Toutefois, force est de constater qu’il demeure titulaire d’une carte professionnelle de chauffeur indépendant sans employé, de sorte qu’il peut continuer à exercer sa profession. Le grief doit ainsi être rejeté.

5. Enfin, le recourant prétend que la décision querellée serait arbitraire.

Une décision est arbitraire lorsqu’elle viole gravement une norme ou un principe juridique indiscuté ou lorsqu’elle heurte de manière choquante le sentiment de la justice et de l’équité. A cet égard, le Tribunal fédéral ne s’écarte de la solution retenue par l’autorité cantonale de dernière instance que lorsque celle-ci est manifestement insoutenable, qu’elle se trouve en contradiction claire avec la situation de fait, si elle a été adoptée sans motif objectif ou en violation d’un droit certain. L’arbitraire ne résulte pas du seul fait qu’une autre solution pourrait entrer en considération ou même qu’elle serait préférable. Pour qu’une décision soit annulée pour cause d’arbitraire, il ne suffit pas que la motivation formulée soit insoutenable, il faut encore que la décision apparaisse arbitraire dans son résultat (ATF 128 I 177consid. 2.1 p. 182 ; ATF n.p. du 2 avril 2001, 4P.149/2000, consid. 2 et arrêts cités).

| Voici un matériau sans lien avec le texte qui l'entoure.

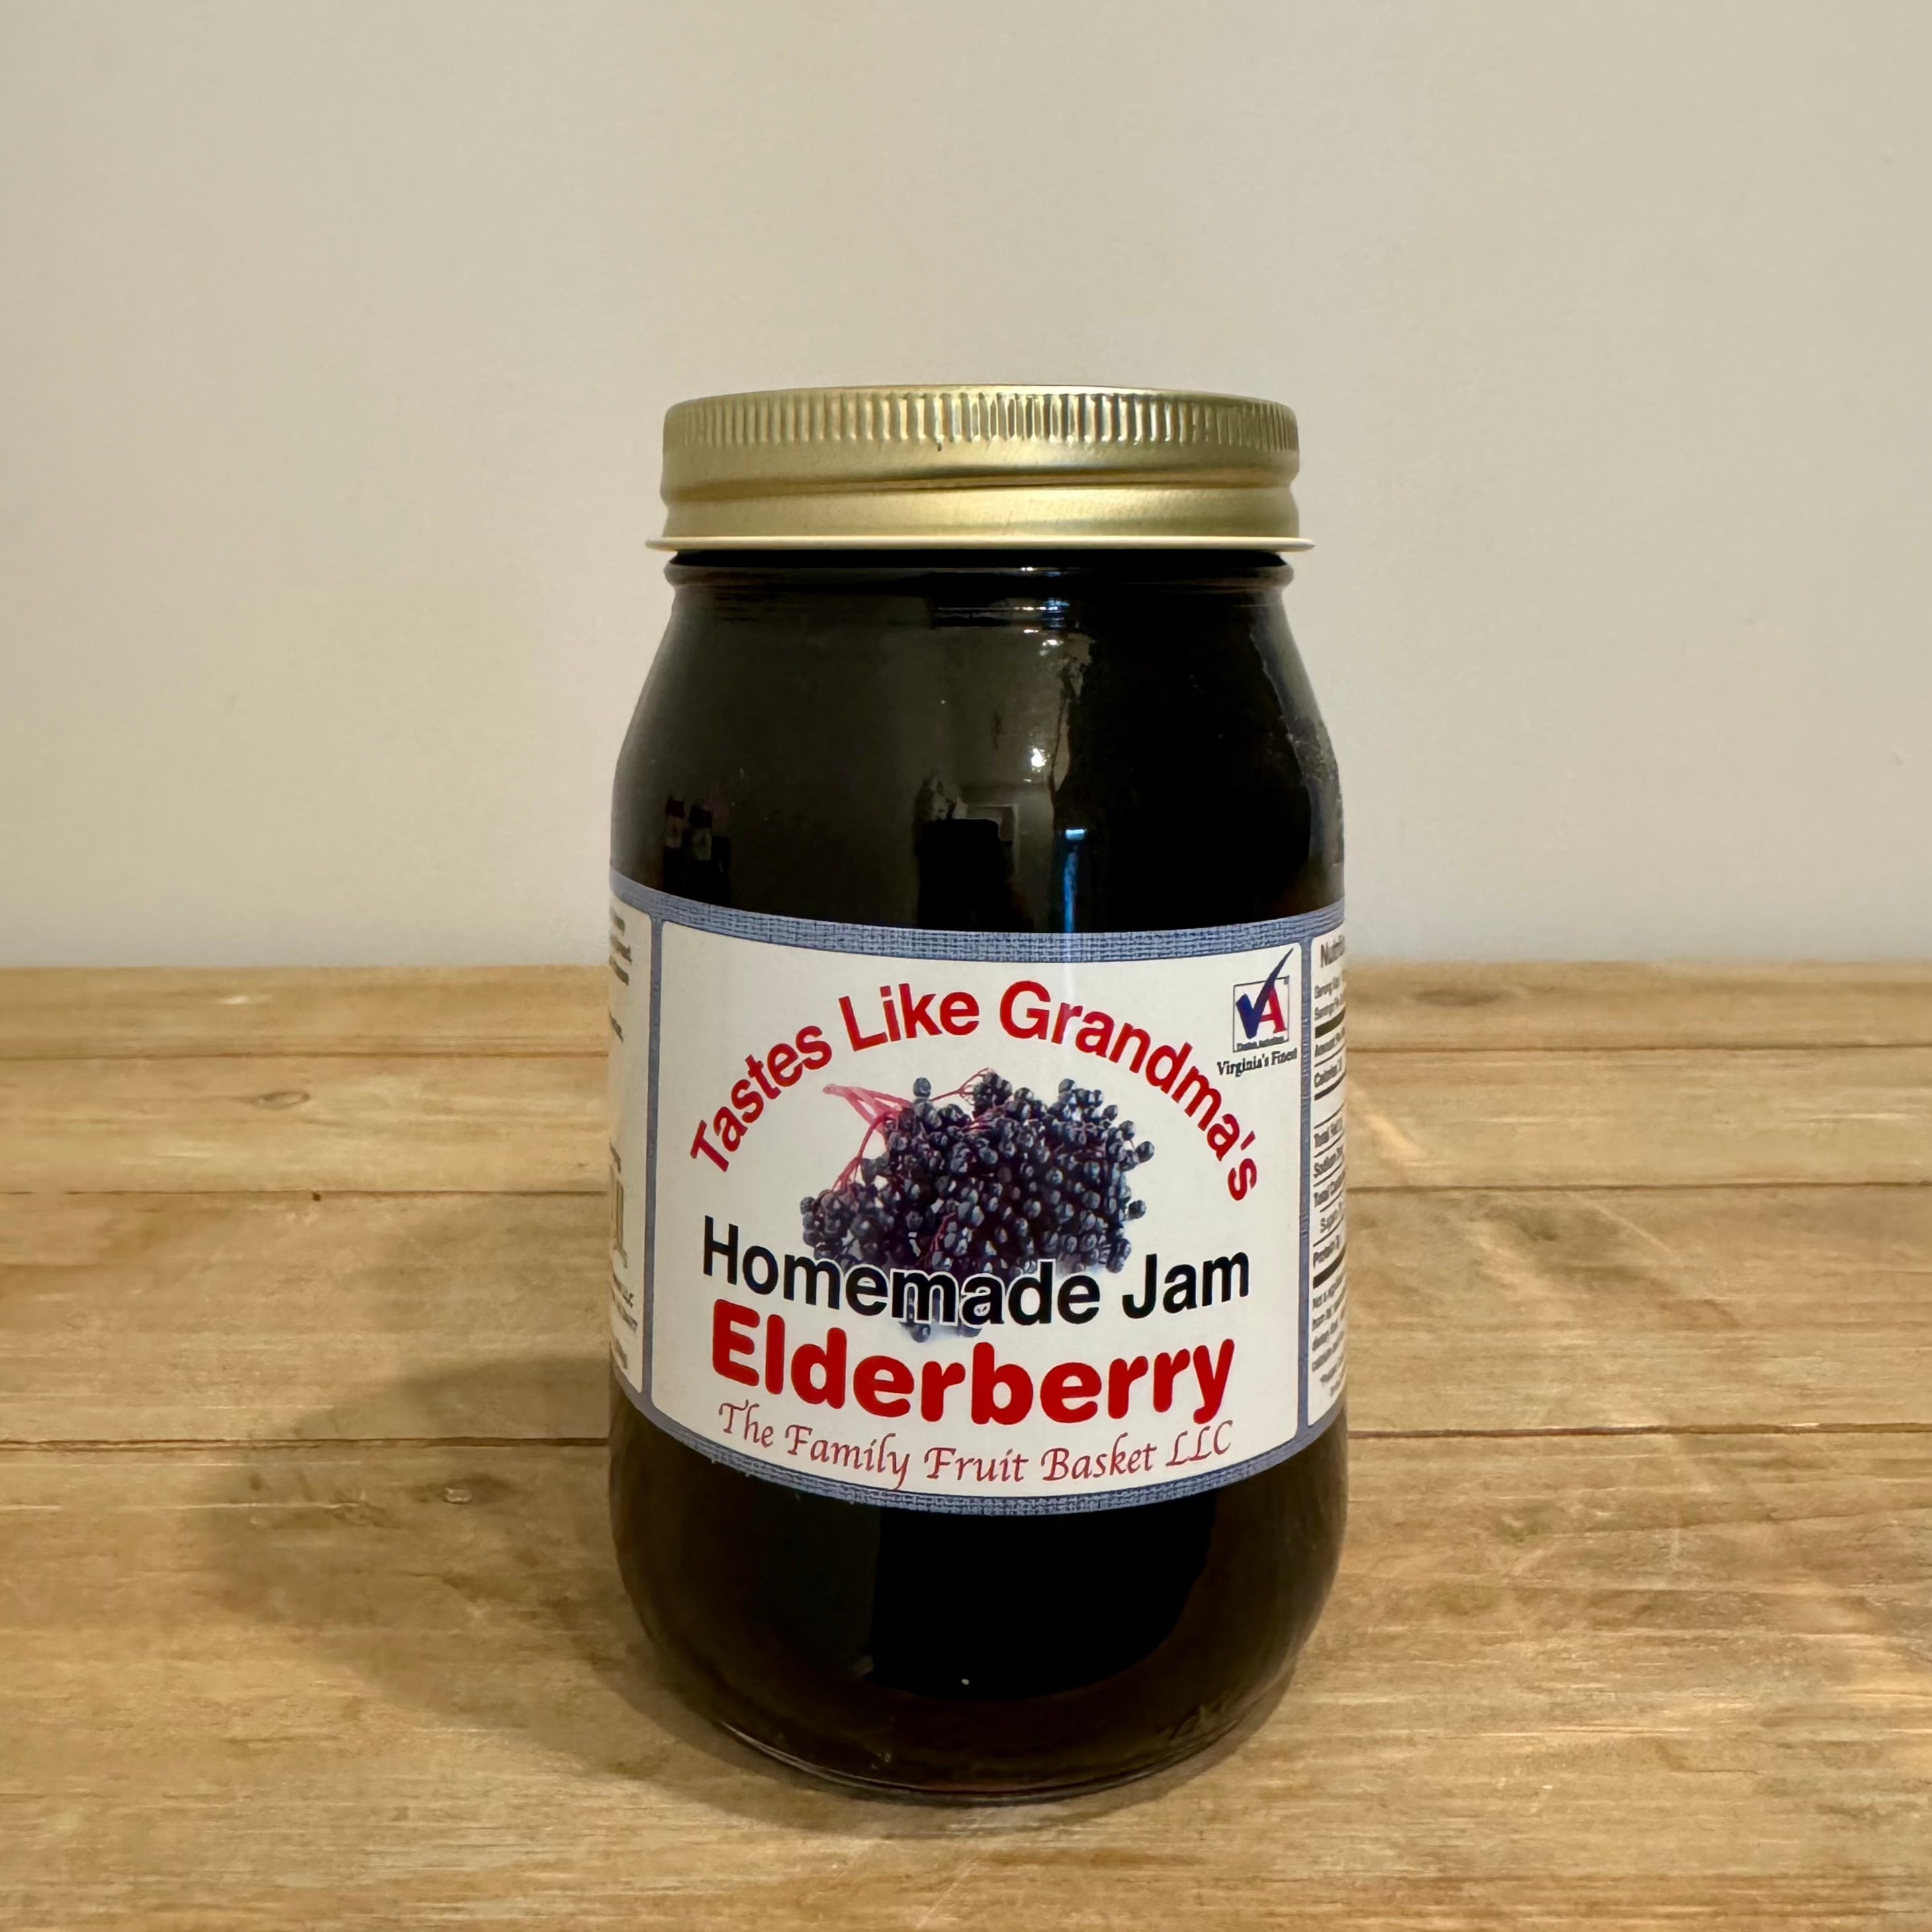 Tastes Like Grandma's Elderberry jam.

Appelé à examiner le caractère arbitraire d’une décision, le Tribunal administratif suit le raisonnement du Tribunal fédéral en la matière.

b. Le recourant n’indique pas quelle norme ou quel principe juridique indiscuté la décision querellée violerait gravement, ni de quelle manière le sentiment de la justice et de l’équité serait heurté, se contentant de rappeler qu’il conteste en partie les poursuites et qu’il serait en pourparlers pour le rachat des actes de défaut de bien. Ce grief sera donc ainsi écarté.

6. Entièrement mal fondé, le recours sera rejeté. Aucun émolument ne sera perçu, le recourant étant au bénéfice de l’assistance juridique.

 

* * * * *

à la forme :

déclare recevable le recours interjeté le 16 août 2004 par Monsieur T__________ contre la décision du département de justice, police et sécurité du 16 juillet 2004;

au fond :

le rejette;

dit qu'il n'est pas perçu d'émolument;

communique le présent arrêt à Me Stéphane Rey, avocat du recourant ainsi qu'au département de justice, police et sécurité.

Siégeants : M. Paychère, président, Mmes Hurni, Junod, juges.

Au nom du Tribunal administratif :

la secrétaire-juriste :

 

 

M. Vuataz-Staquet

 

le président :

 

 

F. Paychère

 

 

Copie conforme de cet arrêt a été communiquée aux parties.